Site icon Option Sensei

Investing Advice: Central Banks and Liquidity Issues

We all know that ever since the financial crisis, Central Banks have been taking unprecedented and unconventional actions to intervene in the financial market, employing everything from negative interest rates to various forms of quantitative easing. In all of these cases, the objective is to provide liquidity and prop up asset prices. Today’s investing advice will explore the shortcomings of these efforts.

No country has been more aggressive in their monetary approach than Japan, where the BOJ stepped directly into both the stock and bond market, and is now the largest holder of both.  It has become so extreme that Bloomberg reported not a single Japanese 10-Year Bond on Tuesday.

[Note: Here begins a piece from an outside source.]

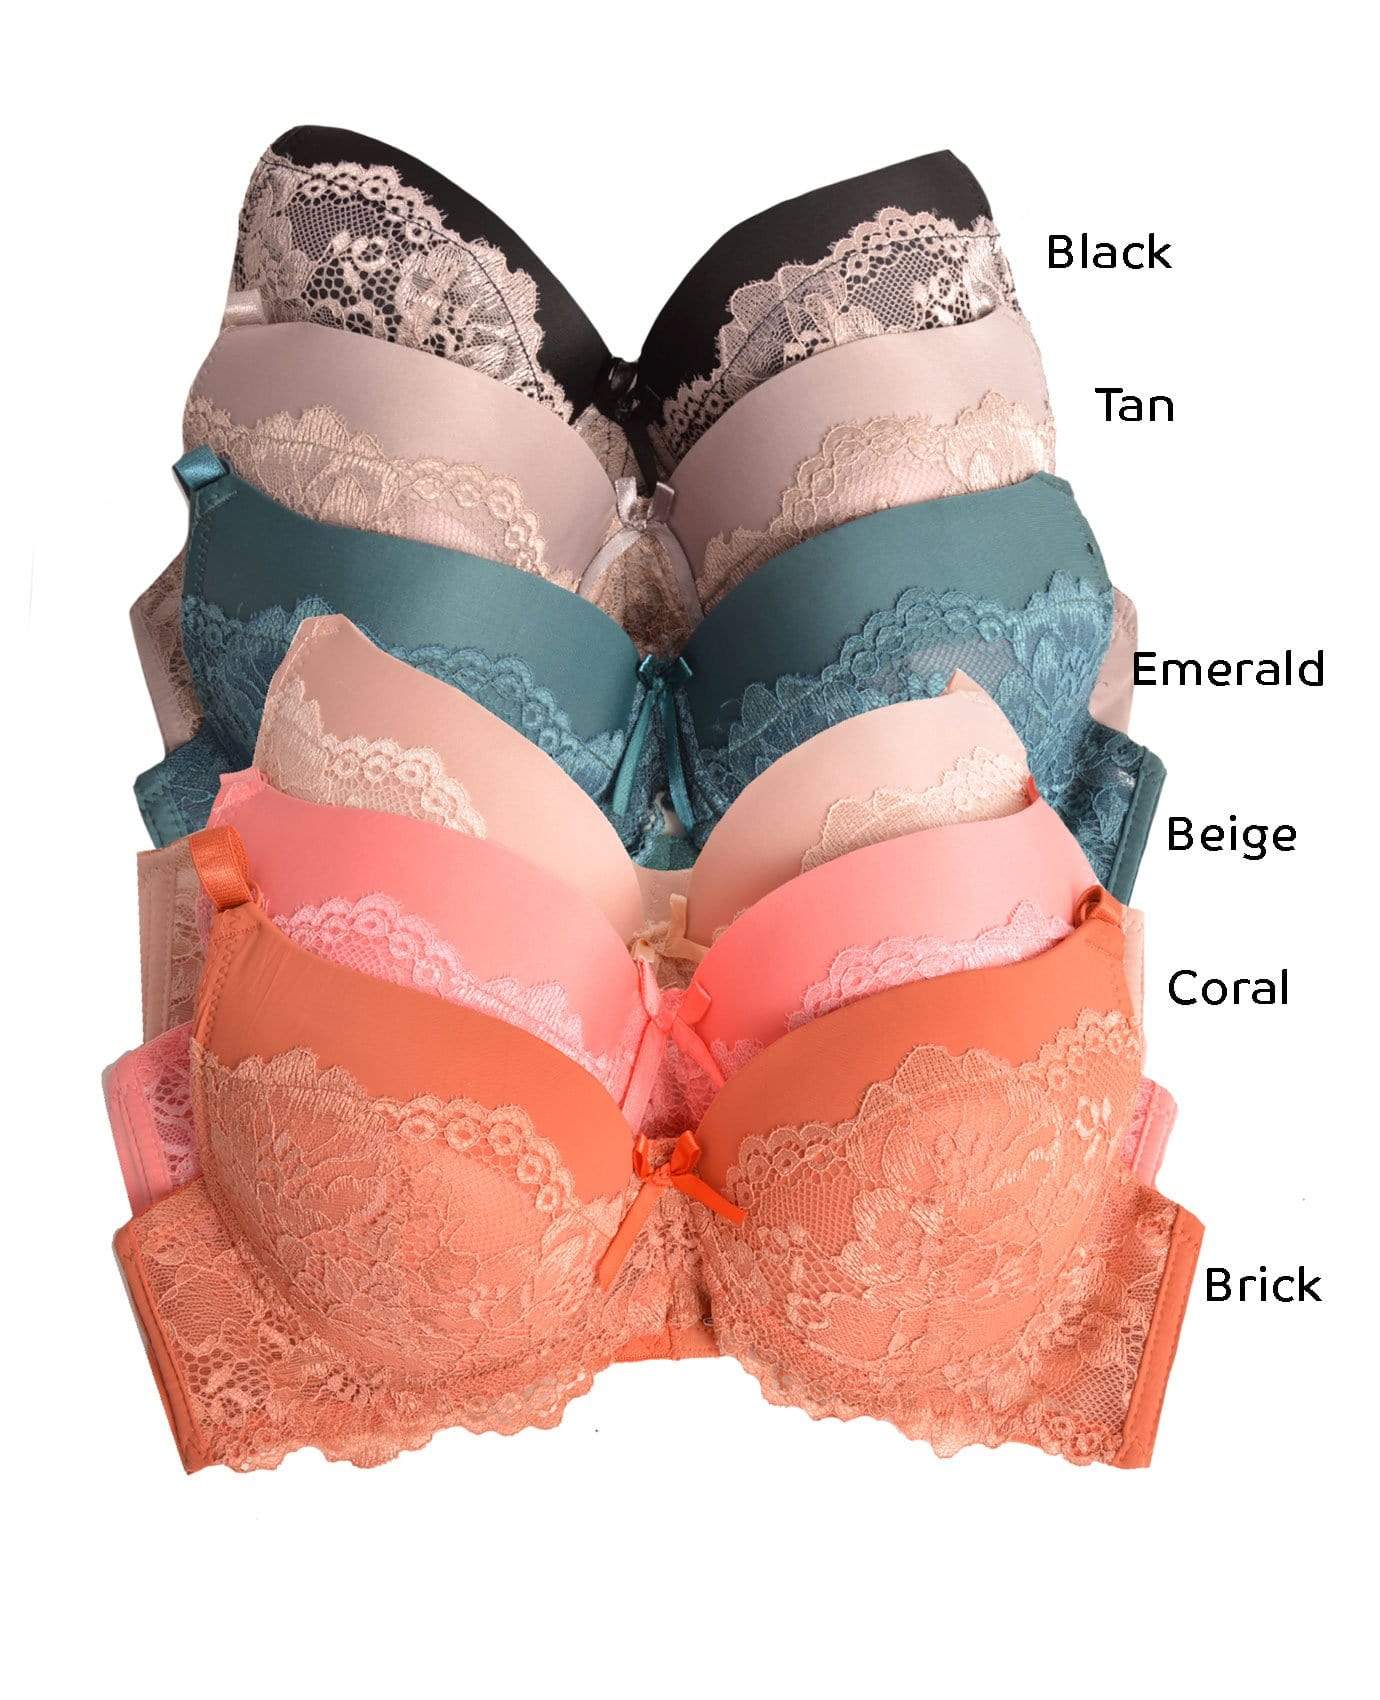 Sofra BR4299PL - 36B Womens Solid Lace Accent Bra Style Intimate Sets, Size  36B - Pack of 6

The Bank of Japan has vacuumed up so much of the government bond market — in excess of 40 percent — that it’s left fewer securities for others to buy and sell. Some other buyers, such as pension funds and life insurers, also tend to follow buy-and-hold strategies.

On the other hand, in the US, the Federal Reserve is beginning the process of curtailing its actions, and in the process removing liquidity.

 Related: Why Options Are the Best Way to Beat 2018 Volatility 

In his article Goldilocks and the Liquidity Bears, Jesse Felder explains why he thinks this could ultimately spell bad news for the bulls. The implications of this argument are grim, so understanding his investing advice is important in case he proves right about future inflation.

While most investors and pundits are currently focused on optimistic analyst earnings estimates for the coming year, there’s another far more important phenomenon underway that deserves more attention. Three years ago, Stan Druckenmiller gave a very important speech to a very exclusive group of listeners in which he disclosed the single greatest source of his tremendous success as an investor: central bank mistakes. Well, it looks as if some at the Fed are beginning to worry, like Stan, that they have now made the same mistakes they made in prior cycles all over again.

In that same speech several years ago, Druckenmiller also disclosed what he sees as the single most important factor behind major market moves:

“Earnings don’t move the overall market; it’s the Federal Reserve Board… focus on the central banks and focus on the movement of liquidity… most people in the market are looking for earnings and conventional measures. It’s liquidity that moves markets.”

And the Fed is not only removing liquidity now. According to Ms. George, they are clearly considering doing so at an even faster rate in the future. This has important implications for asset prices.

It’s important to note, too, that it’s not only Ms. George expressing more hawkish views today. As indicated by her colleague, Lael Brainard, hawishness at the central bank, it seems, is now the consensus. As Edward Harrison wrote this week:

“New Fed Chair Jerome Powell used his first public remarks before Congress to say so. His view: ‘While many factors shape the economic outlook, some of the headwinds the U.S. economy faced in previous years have turned into tailwinds.’ Don’t let the understated language fool you. This one sentence encapsulates a marked shift in tone. And now policy dove Lael Brainard is on-board too. The fact that she is giving the first major speech after Powell echoing the same theme is significant. It tells you that the messaging is coordinated. And it also tells you that there is a general consensus on that messaging.”

 Related: Should You Be Worried About Netflix’s Valuation? 

And if the Fed is now determined to remove the punch bowl, they have a lot of tightening yet to do. After today’s jobs numbers, the probability of 4 rate hikes this year climbed to roughly 30 percent. Even that would only take the Fed Funds rate to the 2.25-2.5% range, while the Taylor Rule suggests it should already be closer to 4%.

Certainly, it’s beginning to look as if the Fed is not only behind the curve today, but that they may soon be forced to take more drastic measures to tackle rising inflation. As my friend Eric Cinnamond has been explaining for some time now, the consensus among companies is that inflationary pressures are now as great as they have been in many years, if not decades.

For now, it seems the popular market narrative, reinforced by today’s jobs report, is that the economy finds itself in a “Goldilocks” scenario: not too hot so that the Fed feels the need to cool it off, but not too cool as to put a damper on the uber-bullish analyst estimates of company earnings for the coming year.

However, if the narrative continues to shift from the Goldilocks narrative, which appears to have peaked last year, into greater agreement with all of these companies pointing to inflation, then markets could be forced to rapidly reprice their current, rosy assumptions about fundamentals and Fed policy.

For these reasons, our investing advice is to focus more on what is going on with inflation at the individual company level and, more importantly, on the Fed’s reaction to those developments rather than on Wall Street’s current Goldilocks narrative. At the end of the day, as Druckenmiller says, “earnings don’t move the overall market,” and Wall Street’s not very good at predicting either anyway, especially at major turning points.